Using Regular Expressions in the User Dictionary

The regular expression syntax used by the Recognition User Dictionary differs slightly from the regular expression syntax used by the Autoredact API. A few specific differences are listed in Comparison with Other Implementations of Regular Expressions.

When an item in the User dictionary is a regular expression, it means that during UD-checking, strings passed for checking by a recognition module will be checked to see whether they conform to the pattern defined by the regular expression.

In general, the UD-checking of a string means that the UDitems of the User dictionary will be compared to the string one after another, until either an identical compliant item is found or the last element of the dictionary is reached. If it reaches the end without success, it marks the offending string as non-compliant.

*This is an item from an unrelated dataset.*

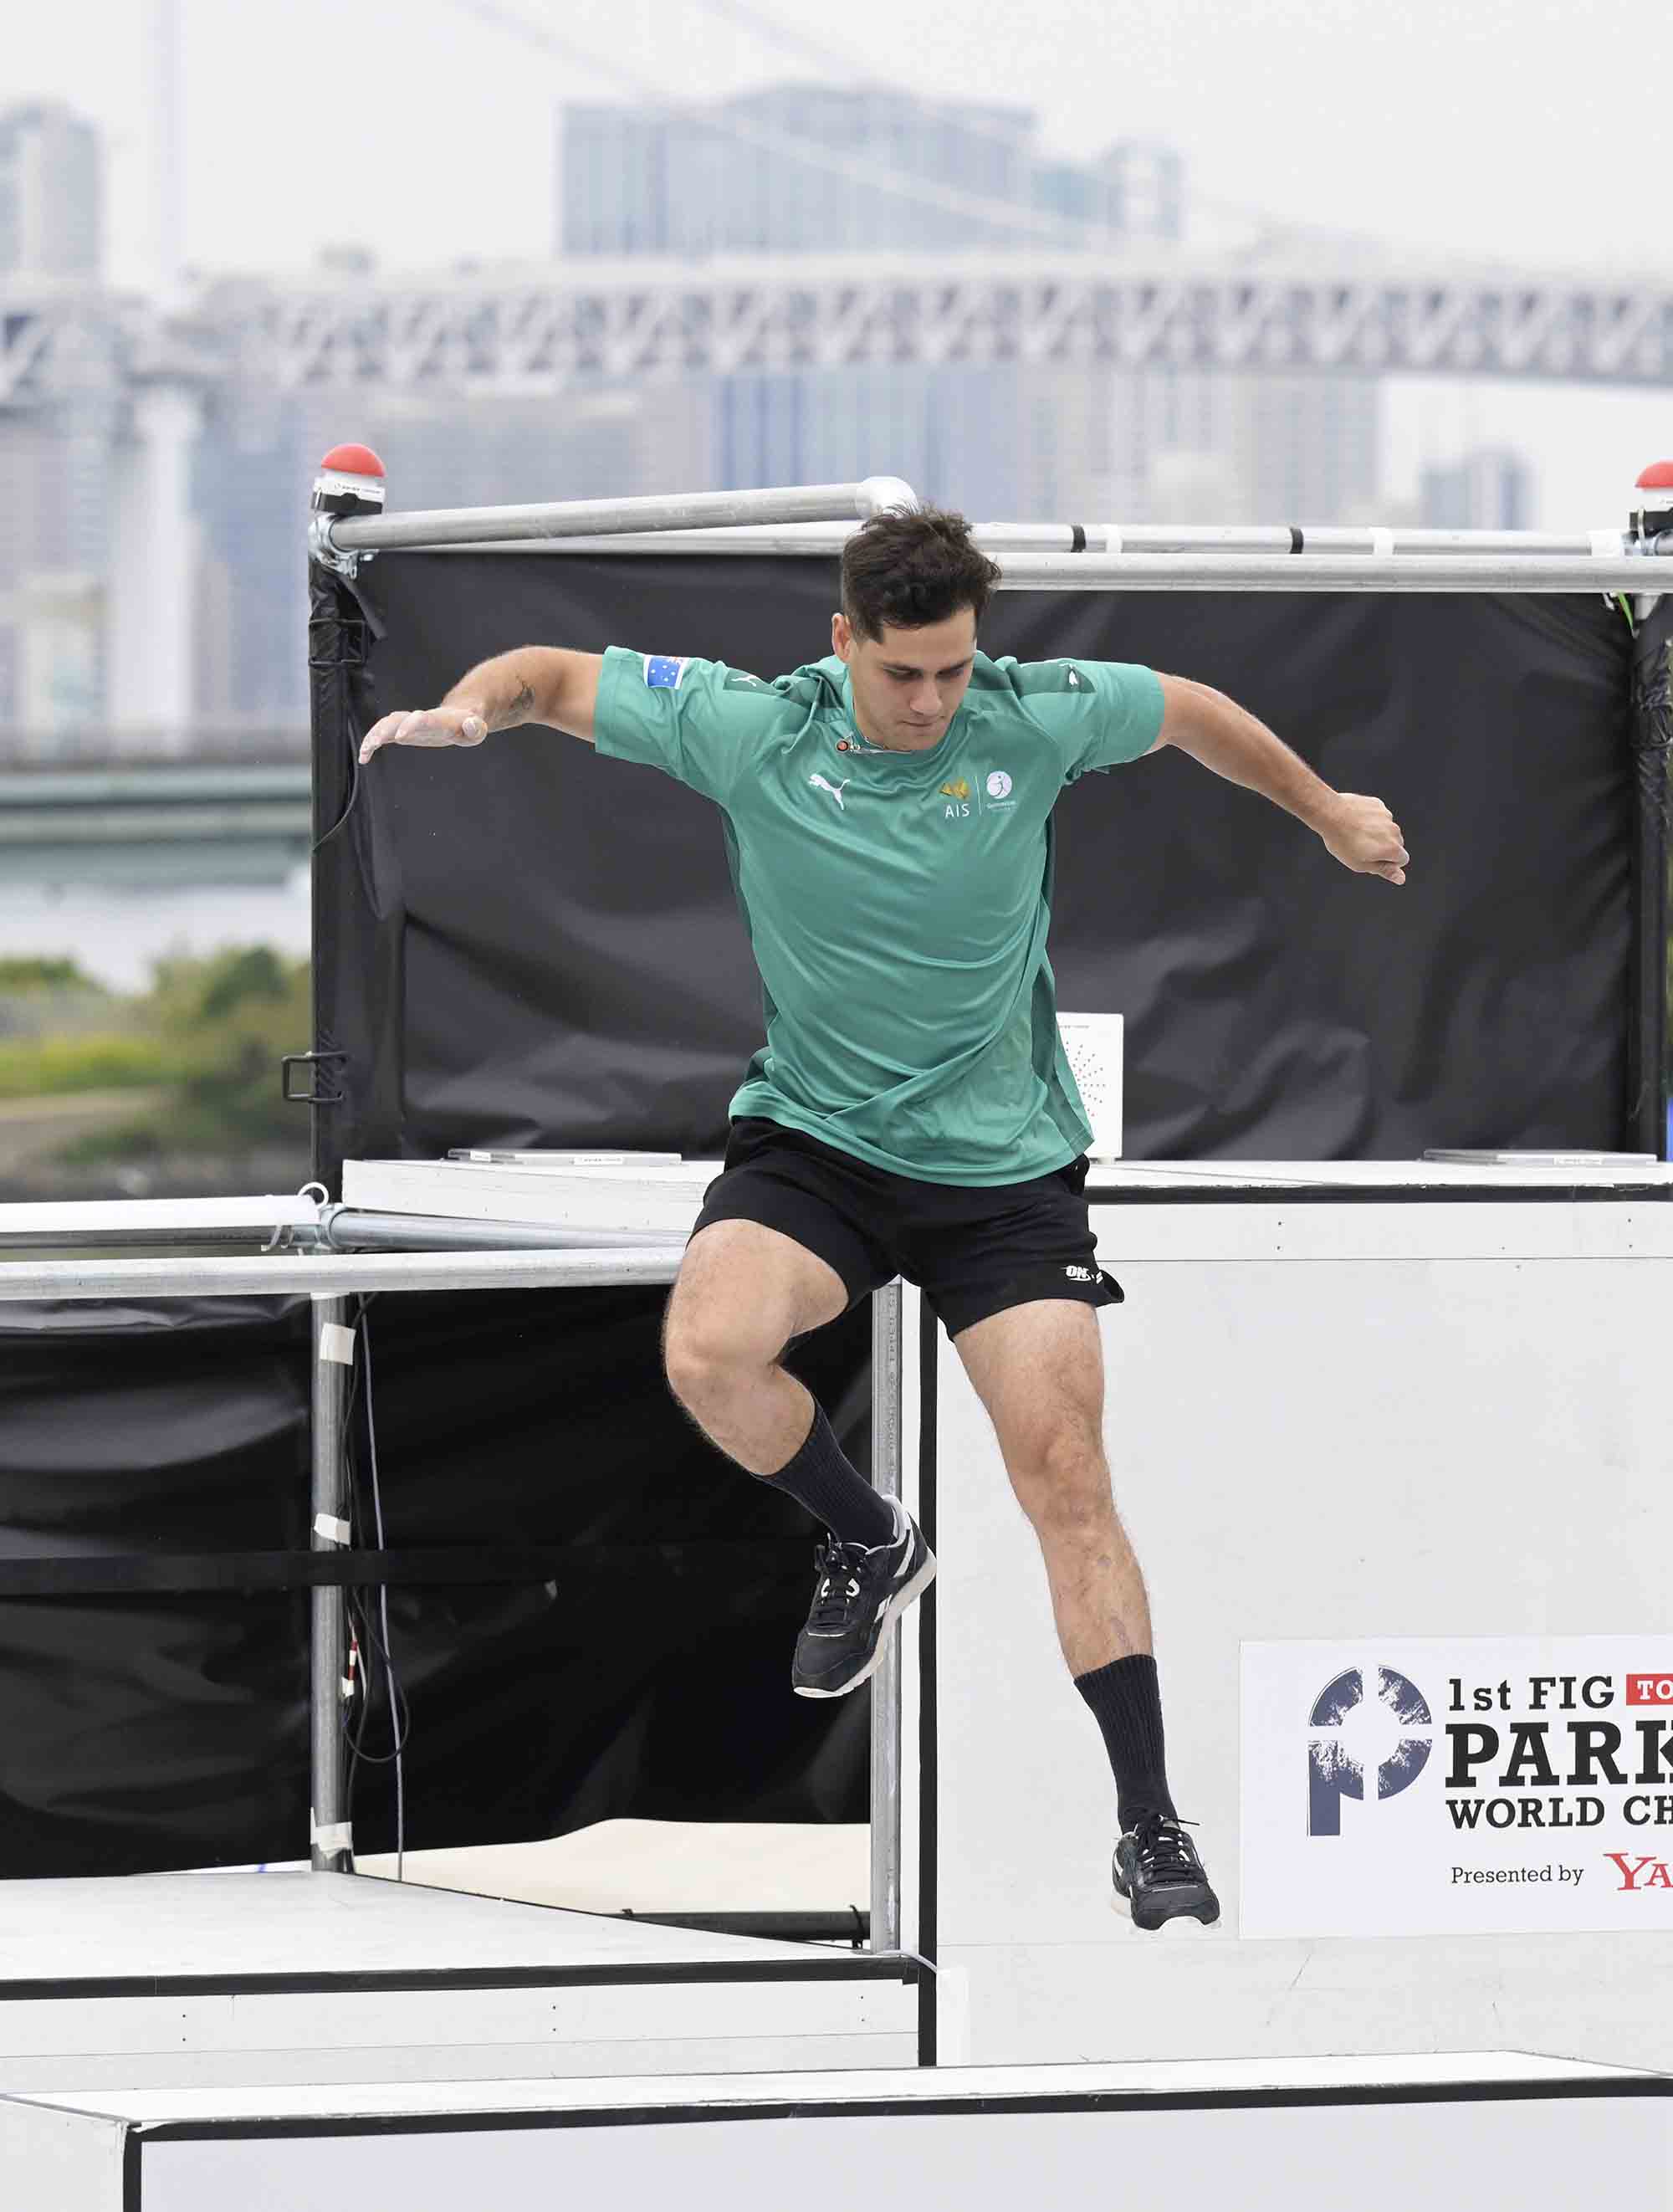 A male in street clothes and sneakers leaps from high ledge in a competition obstacle course.
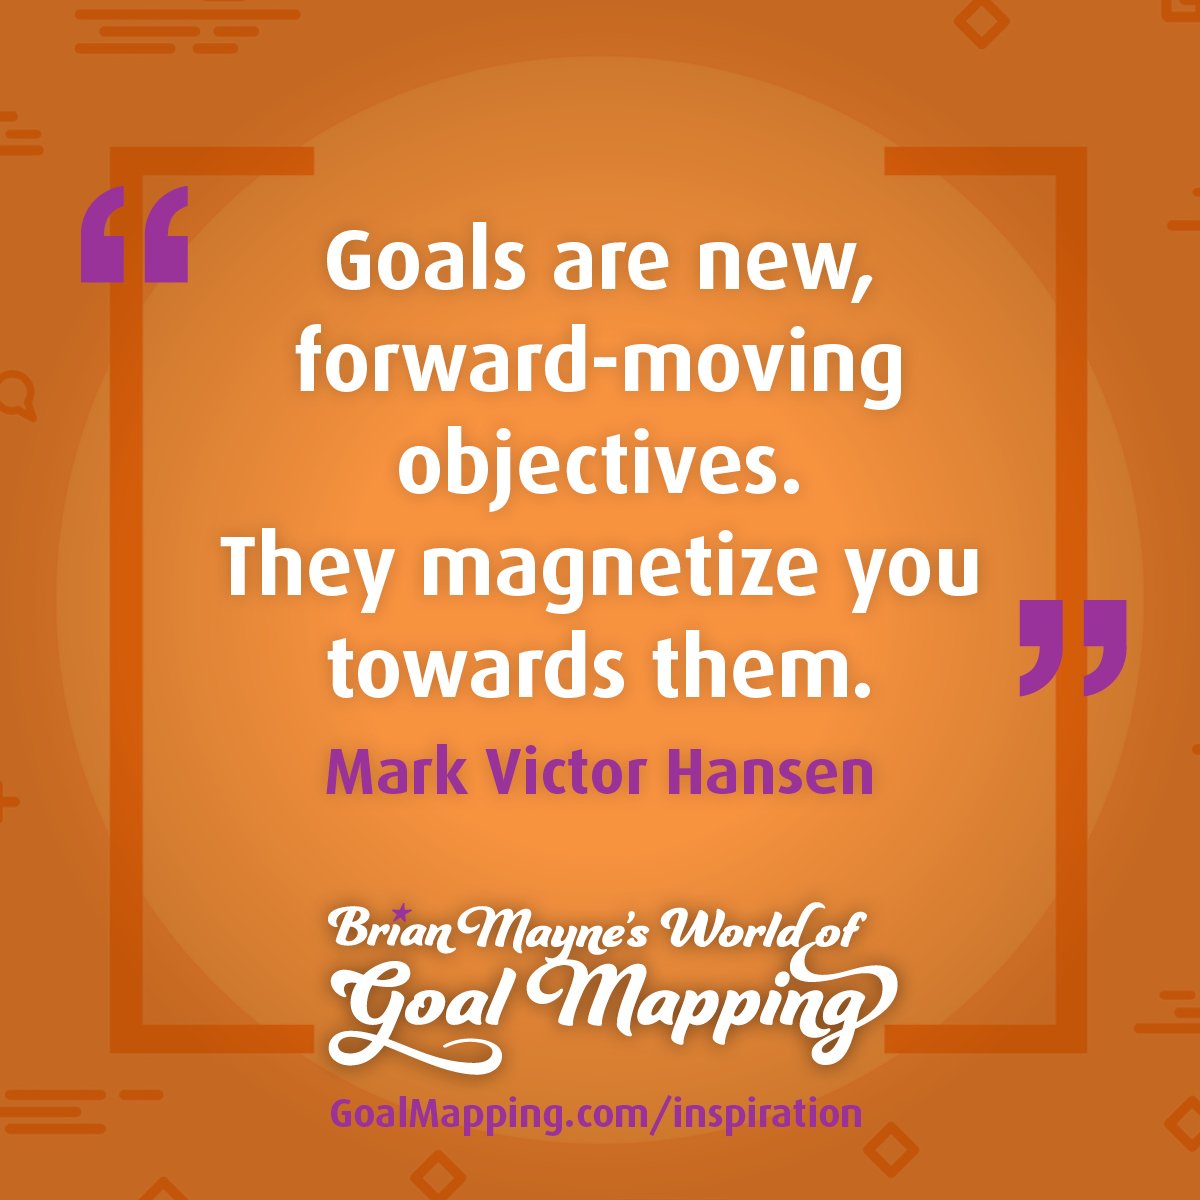 "Goals are new, forward-moving objectives. They magnetize you towards them." Mark Victor Hansen

The more information a character recognition program has about its target, the more accurate the recognition can be. There are cases where it is theoretically impossible to identify a character only from the pixels of its image. Well known examples in certain typefaces are 0 (zero) and O, or I (capital i), l (lowercase l) and 1 (digit 1). But in practice, where characters are not ideal, are broken or touching each other, the number of such cases increases rapidly.

In everyday text it is possible to make decisions based on the context (e.g., it is rare to have a capital letter in a word after a lowercase one) or using dictionaries. But in form processing and automatic data-entry applications, characters are usually processed field-by-field. Sometimes it is possible to utilize a custom dictionary (word list) to help the OCR process, as in the case of country names, states, or cities (see Improving accuracy with the checking module in the Tutorial for more information on user defined dictionaries). However, for the recognition of numerals, artificial identifiers, dates, addresses, etc., the structure of the data must be described rather than enumerating all possibilities.

A regular expression (also called a mask or a pattern) describes a field by specifying each of its characters as being a member of a class or a set of characters.

For example, you are scanning diskette labels to recognize the serial numbers printed on them, and the serial numbers are in the following format:

S/N RN40I123456

The serial numbers start with a fixed string of characters and a space ("S/N ") followed by two capital letters, two digits, another capital letter, and then 6 digits. Though the S/N itself is not part of the data we want to capture, including it in our mask builds confidence in the recognition result. We can describe the zone with the following regular expression:

S/N *[A-Z][A-Z][0-9][0-9][A-Z][0-9]{6}

It starts with explicitly defining the fixed S/N characters; then come the space and a multiplier after it, an asterisk. Since we know that the serial number itself can be somewhat closer to or farther from the S/N characters, we expect that the OCR may find two or more spaces between them. So we state in our regular expression that any number of spaces can be there, including no space at all. Then we follow with the first two capitals of the individual serial number. Here we use two identical character classes or sets, enclosed in brackets. Within the brackets we can explicitly enumerate the characters the set contains, as in [RSTFC], or ranges can be used as in the example above. Ranges are inclusive, that is both of their limit characters are included in the set. It is also possible to mix these two methods, defining some characters explicitly and others by ranges, as in [RSTFC0-9] which defines a character to be any of the capitals listed or any digit. In the above example we use similar character classes to define the other elements of the serial number. The last construct, [0-9]{6} uses another kind of multiplier as shorthand for repeating the same set six times.